2007年06月20日 | デーモン聖典関連

 ベルを鳴らすと、しばらくしてドアが開いた。りなともなは思わずびくりとした。ドアを開けたのはヘルムートだった。
「どうぞ。入りたまえ」
「は、はい…」
 ゾフィーの部屋の隣りのこの部屋も、呆れるほどに広い。だからホテルのようにベルが付けられているのだろう。

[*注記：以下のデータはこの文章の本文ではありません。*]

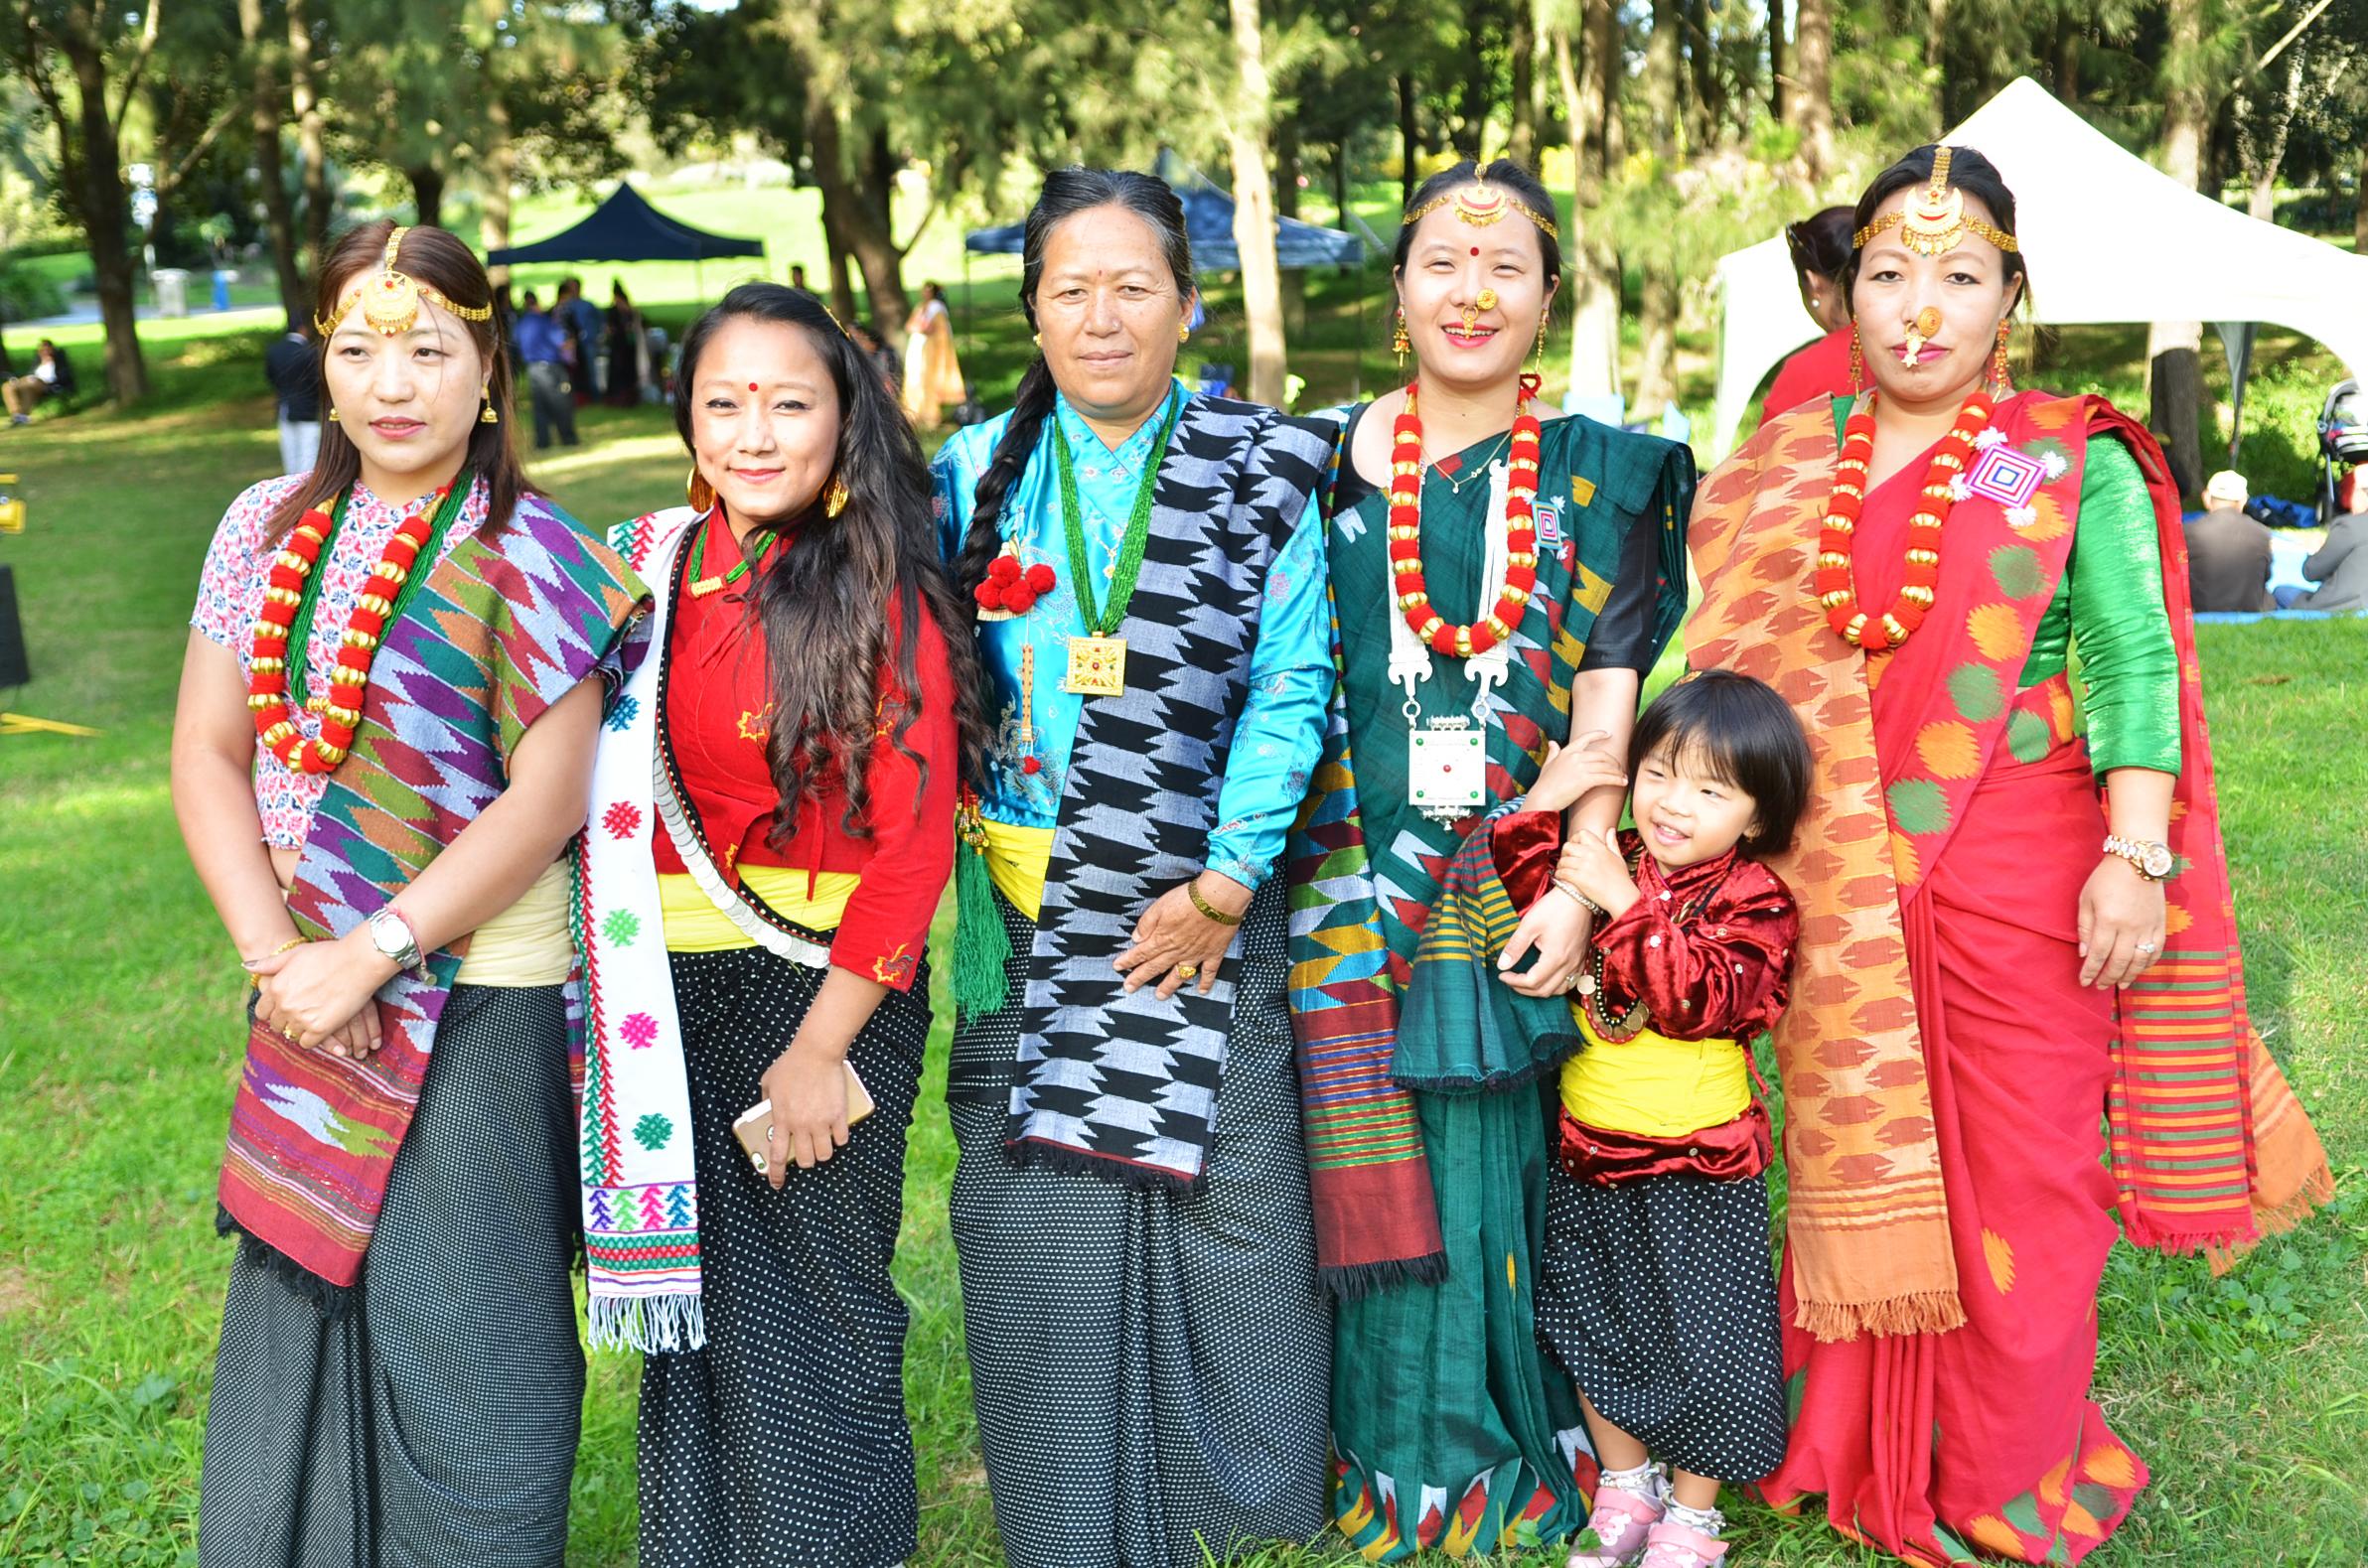 Kirati people - Wikipedia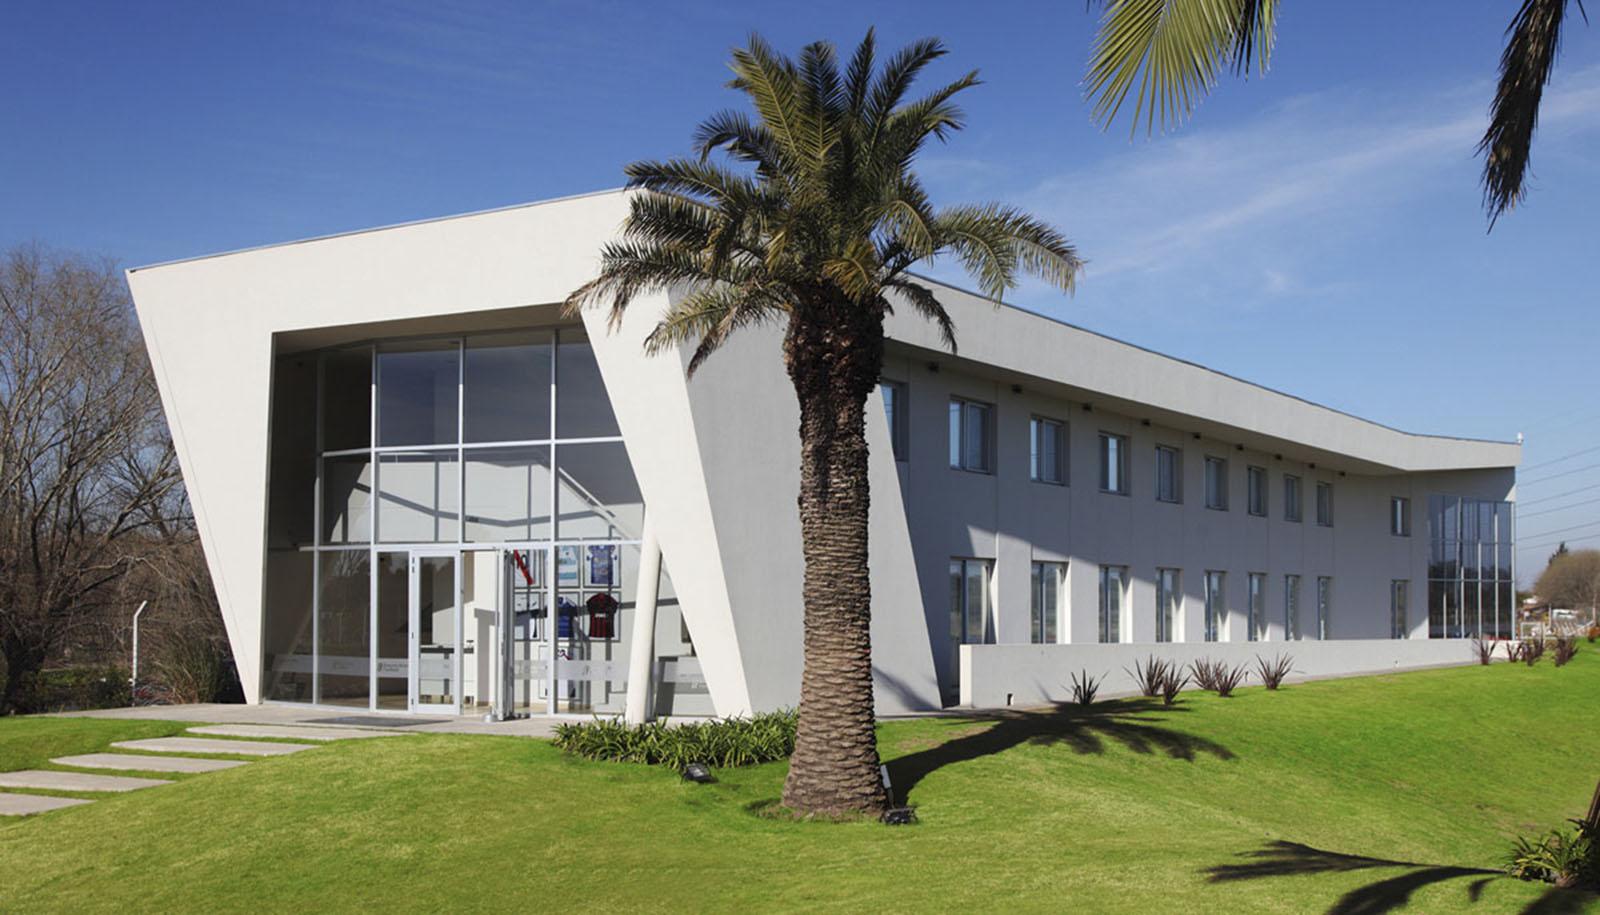 Alojamiento deportivo, arquitectura contemporánea, plegados arquitectónicos, arquitectura y paisaje

 二間続きの奥が寝室で、ベッドの上に半身を起こしていた忍は、顔を綻ばせた。
「ありがとう、りな、もな。さっきはひどい格好を見せてしまったね」
「忍ちゃん…、体、大丈夫なの?」
 ふたりは忍の枕元に行った。
「大丈夫だ。本当に、たいしたことないんだ」
 パジャマに着替えた忍は、髪も乾き、シャワーを浴びたらしく顔色も戻っていた。
「忍ちゃん、雑炊とハチミツ入りレモンティーなの。食べられる?」
「ああ。ありがとう、りな。いただくよ」
 忍はトレーを膝の上において、レンゲを手にした。
「……ッ」
「忍ちゃん?おいしくない?」
 一瞬忍が顔をしかめたのに、りなが気づいた。
「あ、いや…少し喉が痛くて…」
「喉と肺が、ガスで炎症を起こしているんだ」
 ベッドの足元に立っていたヘルムートが言った。彼は忍の近くに寄った。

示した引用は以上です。